A) N-Quads is only a single step in the right direction. 
--------------------------------------------------------
N-Quads allow one to assign a "layer" (or "level" or "tag" or "name" or
whatever you want to call it) to a triple. However, what if a triple needs
to be in more than one layer? Do you repeat the triple? How many times? Now,
I know that this repetition can be normalized in a data store but a
serialized version of this data structure would be excessively verbose. It
seems it would be better to allow any number of additional "layer IRIs" to
be listed along with a triple. Let the author of the document decide which
is more efficient: repeating triples or repeating additional "layer IRIs." 

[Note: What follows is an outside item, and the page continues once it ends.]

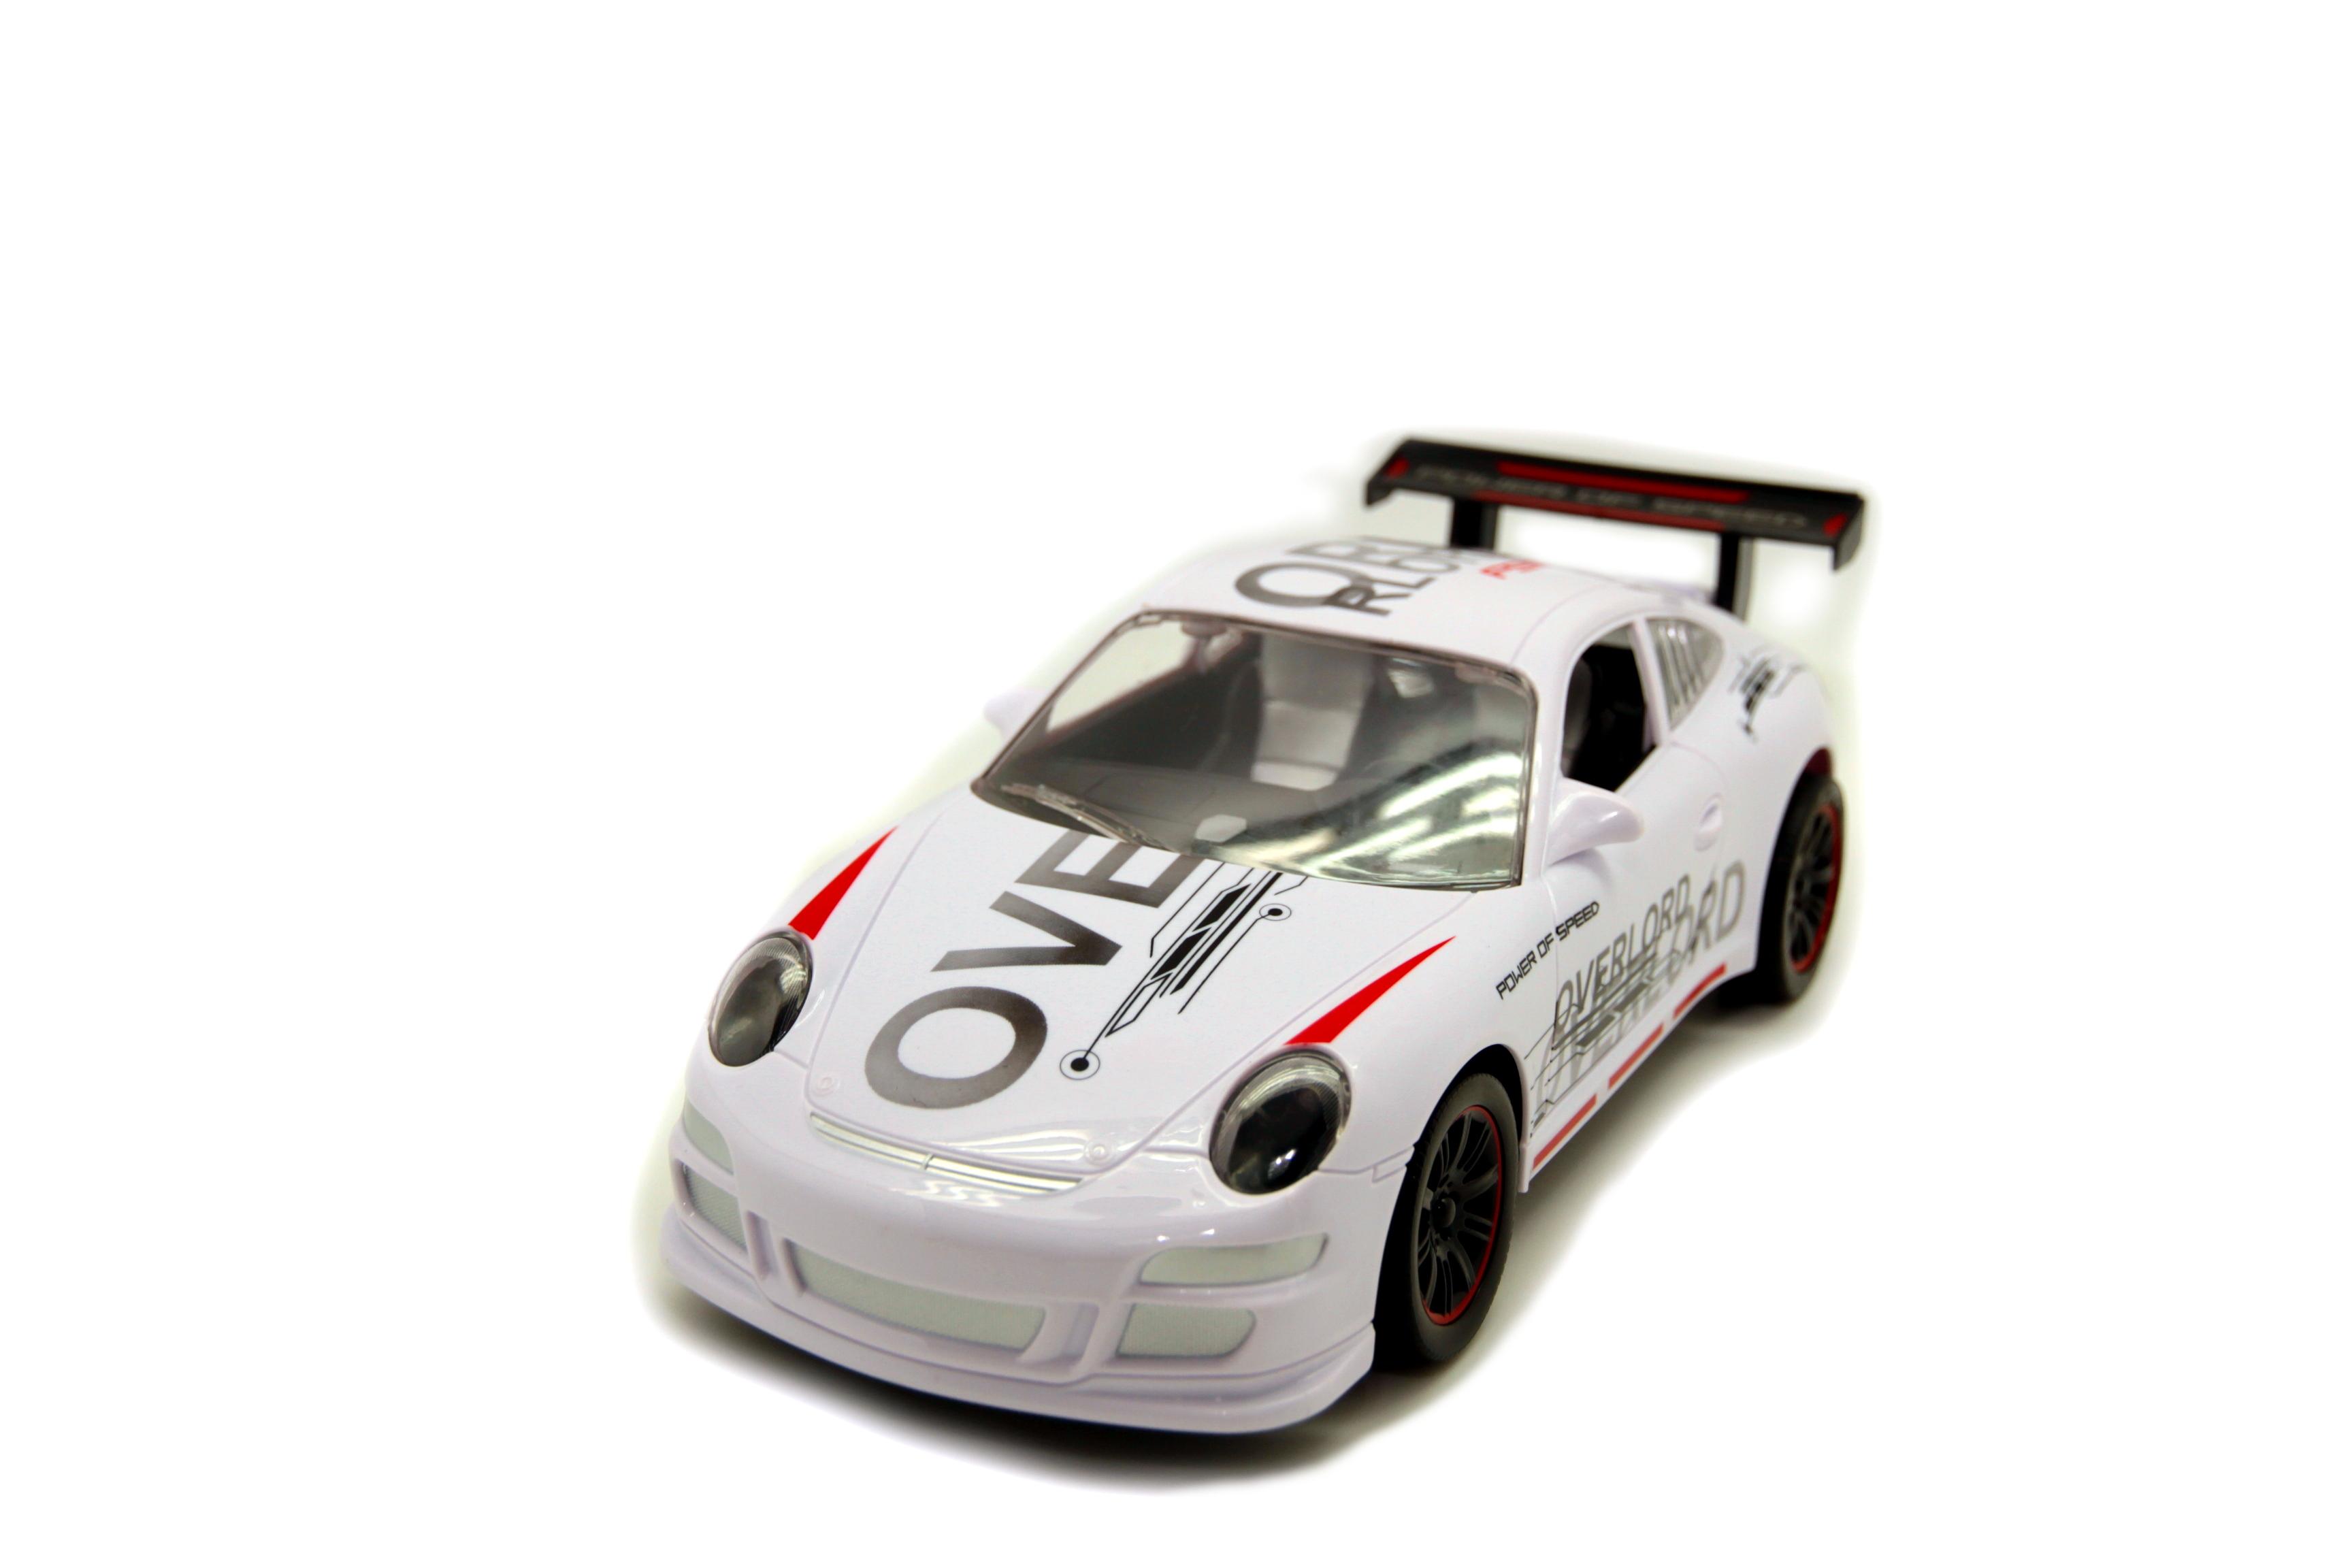 Машинки и мотоциклы BALBI Машина Balbi RCS-1601 WP 1:16 белая original hobbywing quicrun wp 16bl30 sensorless brushless 30a esc motor kv4500 program card for 1 16 1 18 car

B) N-Quads seem to be telling the users of the data
   what they can do with it.
---------------------------------------------------
If a triple has a particular "layer IRI" associated with it this seems to
imply that it must go on that "layer" in a data model. I think it would be
best to merely call these additional values "tags" and let users of the data
do with them whatever they choose. Leave it up to developers of RDF analysis
software to invent new metaphors like layers and surfaces and such. They can
take the information in the triples along with the information in the
associated tags and filter, sort, display, or otherwise rejigger it any way
they please. By pre-imposing a metaphor, and then choosing your terminology
and writing your specs around that metaphor, you are locking in peoples'
thinking about what they can do or how they can re-envision that data. 

C) Metaphors are nice, but don't lock people in.
------------------------------------------------
Discussed above. I just wanted to reiterate this point. Choose terminology
that is as UNlimiting as possible, rather than picking a metaphor, and
choosing terminology to match that metaphor. Just provide means to express
as much information as possible and let people decide what they want to
express and what they don't. Leave it to user documentation writers like me
to explain to web authors or data managers all the different ways they can
make use of the information that may or may not be stored in RDF data (as
well as encourage them to be creative and invent new ways to envision that
same information). Specifications should only tell people how to encode the
information, not tell them what to do with it or how to think about it. 


============
My proposal:
============
Fortunately, it is possible to solve most of these issues with relatively
simple changes. 

Terminology:
------------
Call the extra values, which you are adding with N-Quads, "tags" and leave
it at that.

Don't try to apply any metaphor at all. Let software developers and users do
that. 

N-Tuples:
---------
Basically just allow any number of additional tags instead of only one.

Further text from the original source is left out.